Probably the easiest way to distribute TMB code is to use R's package functionality. You can get a test package working following these steps (with mypkg replaced by the name of your package):

  • package.skeleton("mypkg")
  • Copy model.cpp to mypkg/src
  • Add Depends: TMB LinkingTo: TMB, RcppEigen to the file mypkg/DESCRIPTION to ensure that TMB is loaded when mypkg is loaded, and that the TMB source code is found when compiling mypkg.
  • Add useDynLib(mypkg) to the file mypkg/NAMESPACE to ensure that the compiled code is loaded when you load the package.
  • Pass DLL="mypkg" to all MakeADFun calls.

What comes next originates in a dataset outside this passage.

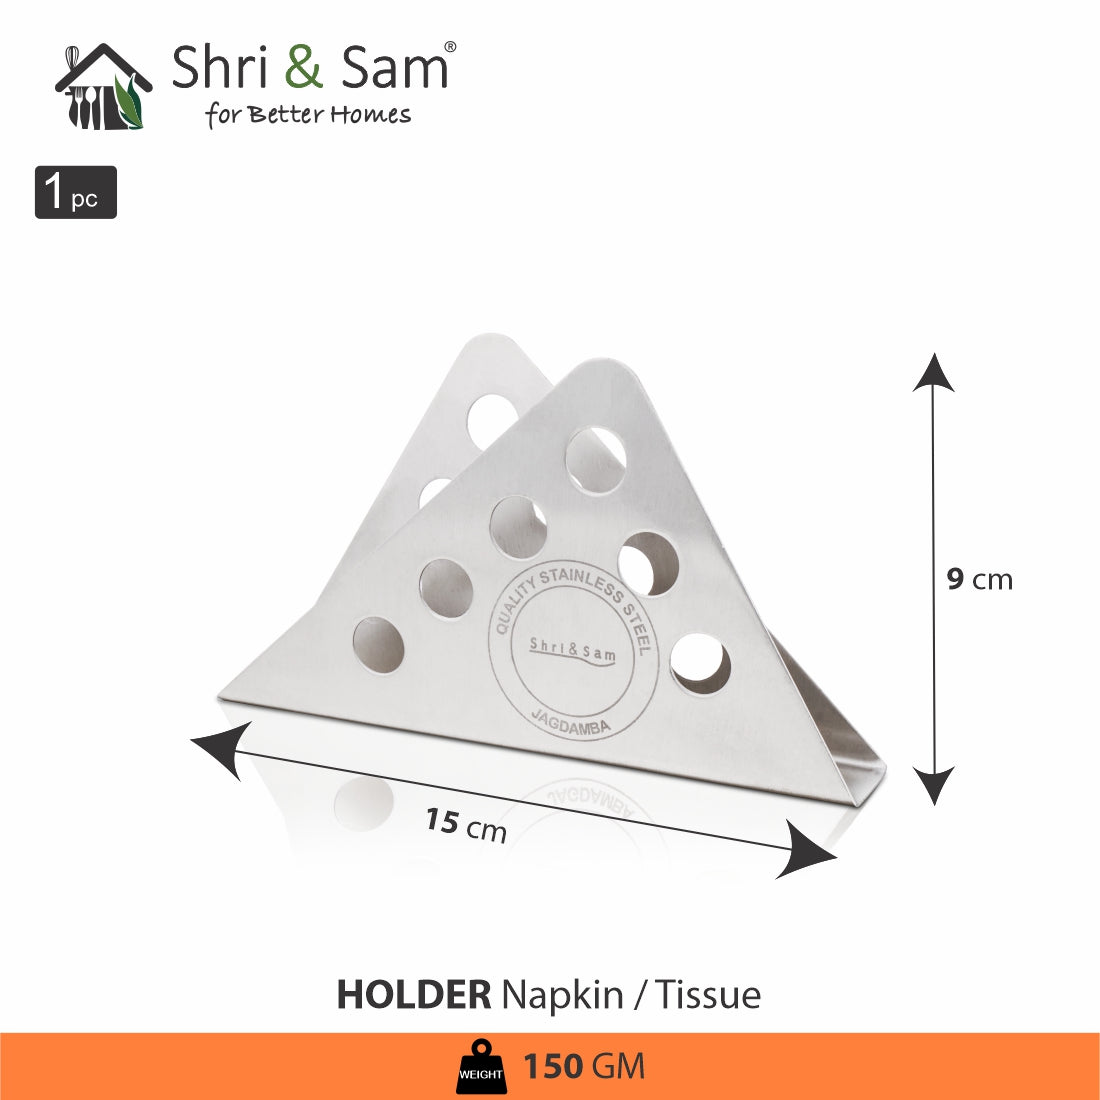 Stainless Steel Napkin or Tissue Holder Tera

TMB uses some features that are against the CRAN polices (e.g. calling abort() to step into the debugger). In order to pass CRAN checks a few workarounds may be required:

  • Edit model.cpp to avoid CRAN warning Found no calls to: ‘R_registerRoutines’, ‘R_useDynamicSymbols’:

    #define TMB_LIB_INIT R_init_mypkg
    #include <TMB.hpp>
    

    In addition this enables 'C-callables' tmb_forward and tmb_reverse required by tmbstan.

  • To avoid notes such as Found ‘_ZSt4cout’, possibly from ‘std::cout’ (C++) use the CRAN version of TMB when checking the package.

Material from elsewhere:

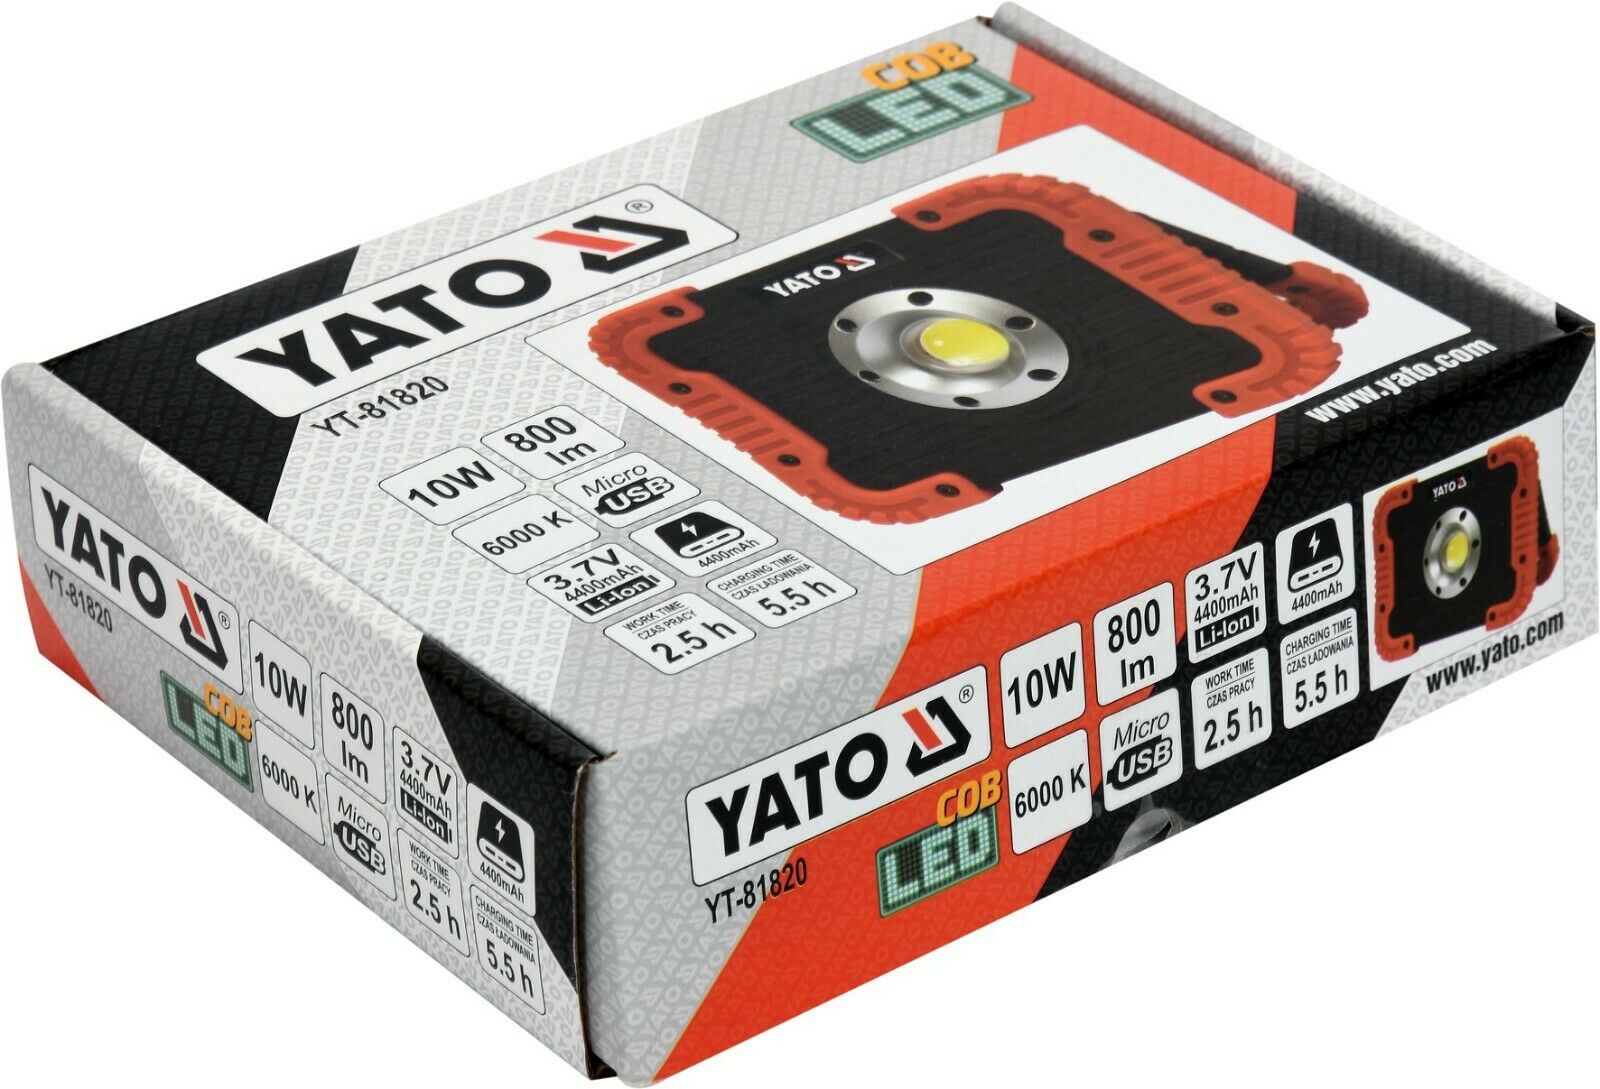 YATO LED Fluter Akku Strahler Scheinwerfer Arbeitsleuchte Werkstattlampe 800lm - Flex-Autoteile

  • To avoid the warning Found ‘_abort’, possibly from ‘abort’ make sure the preprocessor flag -DTMB_SAFEBOUNDS does not appear during compilation (if you use your own Makefile pass safebounds=FALSE to compile).

  • To avoid the warning Found non-API call to R: ‘R_RunExitFinalizers’ make sure the preprocessor flag -DTMB_SAFEUNLOAD does not appear during compilation (if you use your own Makefile pass safeunload=FALSE to compile).

Other notes:

Locating regressions and bugs

Suppose you update TMB and suddenly your model runs slow or has other issues. To find the commit that caused the problem, we can apply 'git bisect'.

  1. Clone a fresh adcomp folder and cd adcomp.

  2. Copy a selfcontained test example e.g. 'mymodel.R' and 'mymodel.cpp' to this folder.

  3. Make R-script 'bisect.R' containing:

    ## Re-install TMB and re-compile model:
    system("make install")
    library(TMB)
    system("rm -f *.o *.so")
    compile("mymodel.cpp")
    ## Run model under restricted permissions
    status <- system("ulimit -t 20; R --vanilla < mymodel.R")
    if(status != 0) stop("Fail")

    Here 'ulimit -t 20' interrupts the model run if it takes more than 20 sec. Alternatively 'ulimit -v 100000' would trigger interruption if the model uses more than 100Mb.

  4. Make an executable shell script 'bisect.sh' containing:

    #/bin/bash
    R --vanilla < bisect.R
  5. Verify that the script fails now and that it worked e.g. 40 commits ago:

    git checkout master
    ./bisect.sh
    git checkout HEAD~40
    ./bisect.sh
  6. Now we can start bisecting:

    git checkout master
    git bisect start
    git bisect bad HEAD
    git bisect good HEAD~40
    git bisect run ./bisect.sh

    The first bad commit will be displayed.